Somewhat less pretentiously, I wonder about contrasting life and work, because
it's not unusual to have a pretty active social life at work. The absence of
any social stimulation there would at least make me unhappy.

------
ChuckMcM
Would it not be simpler to say 'some things you do adds energy to you' and
'some things you do drains energy from you' avoid deficit energy days if
possible.

I can spend a couple of hours programming and be hugely energized by it, and I
can spend a couple of hours watching TV and be drained by it. The reverse is
also true.

Be aware of your energy flow and balance it.

------
benthumb
I'm glad someone has addressed this work-life balance canard. I would go
further: getting hard things accomplished tends to take over one's life, and I
don't think there's any way around it. Unless, of course, you live in
Norway...

I also think humans on an individual basis are inherently unbalanced; that's
why we're social creatures.

------
aphidbyteinc
Balance is very important for entrepreneurs.
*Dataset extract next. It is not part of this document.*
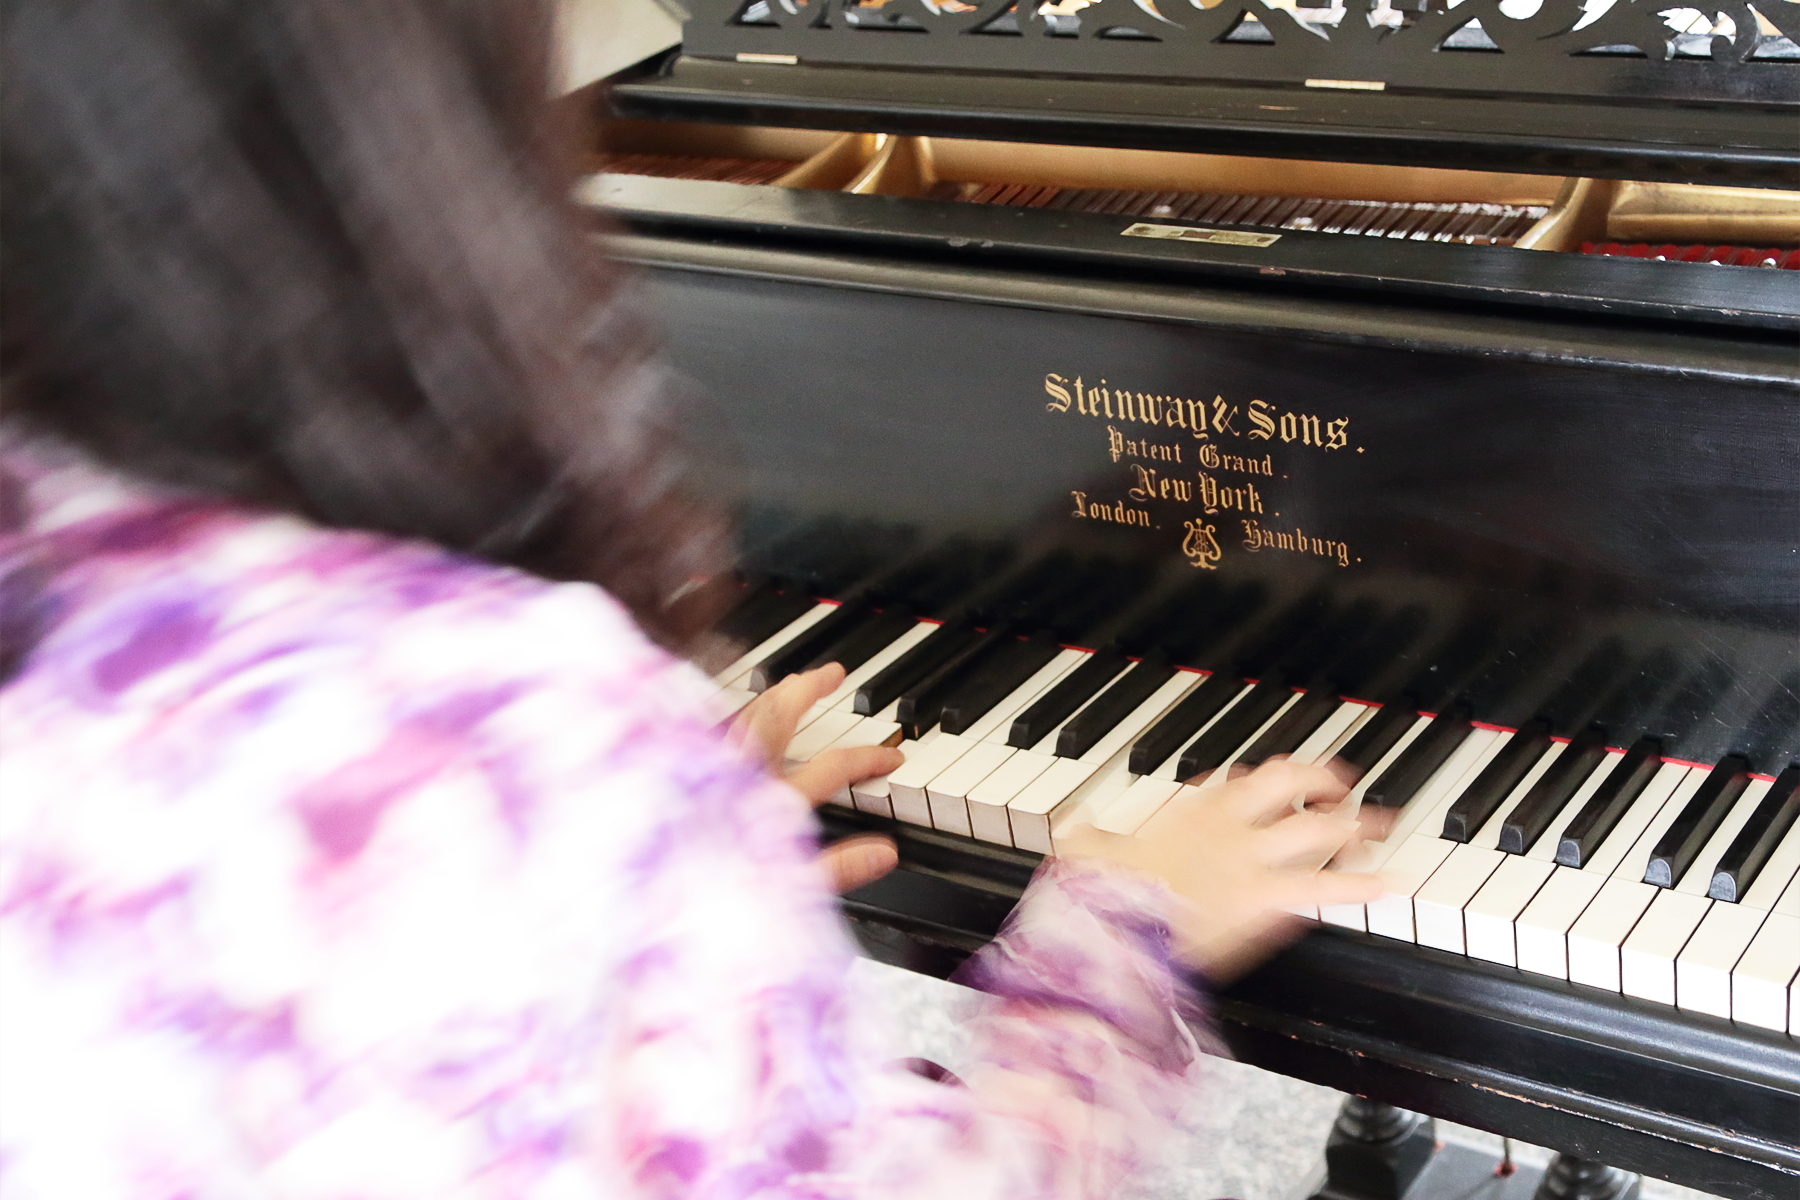 Piano_Play_9_DPP_0006.png
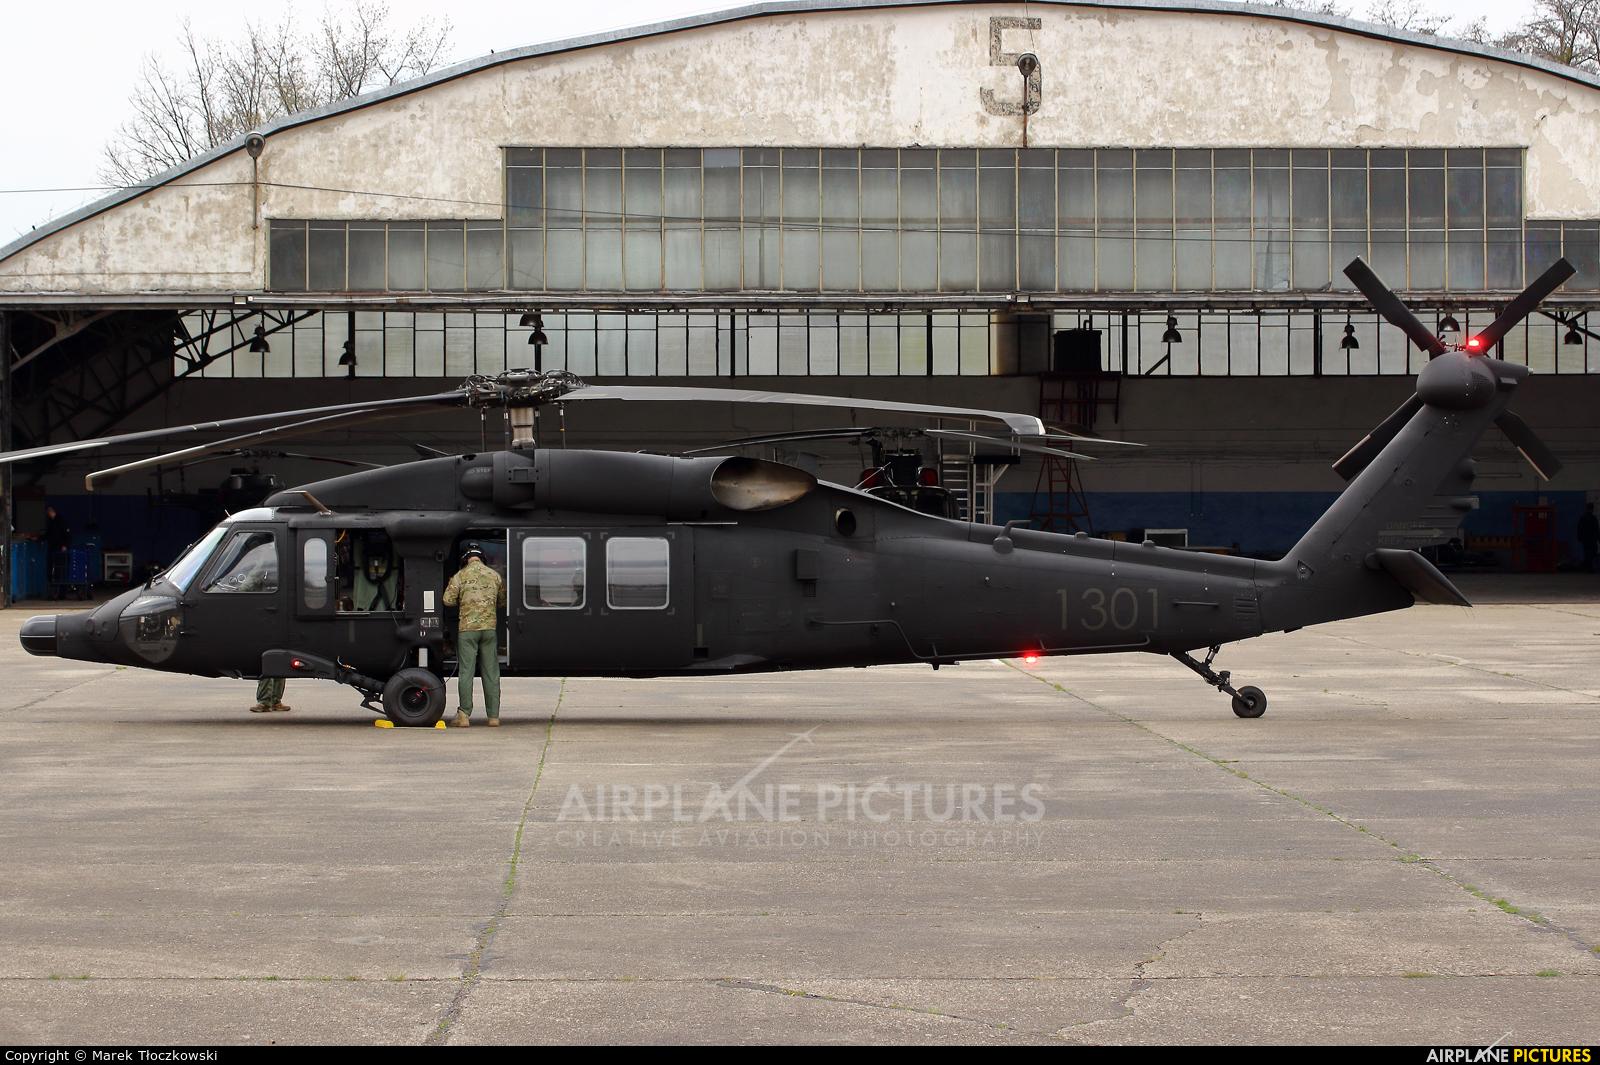 Poland - Air Force 1301 aircraft at Warsaw - Babice

However, I do believe in going
the extra mile to make your company succeed. Which means not partying on a
weekend when you could be doing something for your business. Me personally, I
party as a reward for my hard work.

------
bstewartnyc
# there is no 'balance', only this algorithm running my life while(True):
task=getNextTask() if priority(task)>priority(current_task):
backBurner.add(current_task) current_task=task startWorkOn(current_task) else:
backBurner.add(task)

------
paulsutter
I like to work hard for a few years, then take a year off. I'm doing that
right now. I find it a lot more effective than trying to jam too many
different activities into an ordinary week.

------
photorized
My personal observation is that when I got married, I became more productive,
more selective, and also more effective at solving things quickly. Something
about valuing your time.

------
Tichy
I don't think you can even see what you are missing if you never go on
vacation or try other things.

------
anthonyb
"Let me dive into something concrete."

That's a seriously mixed metaphor...

------
jbkring
Refreshing perspective. I agree wholeheartedly.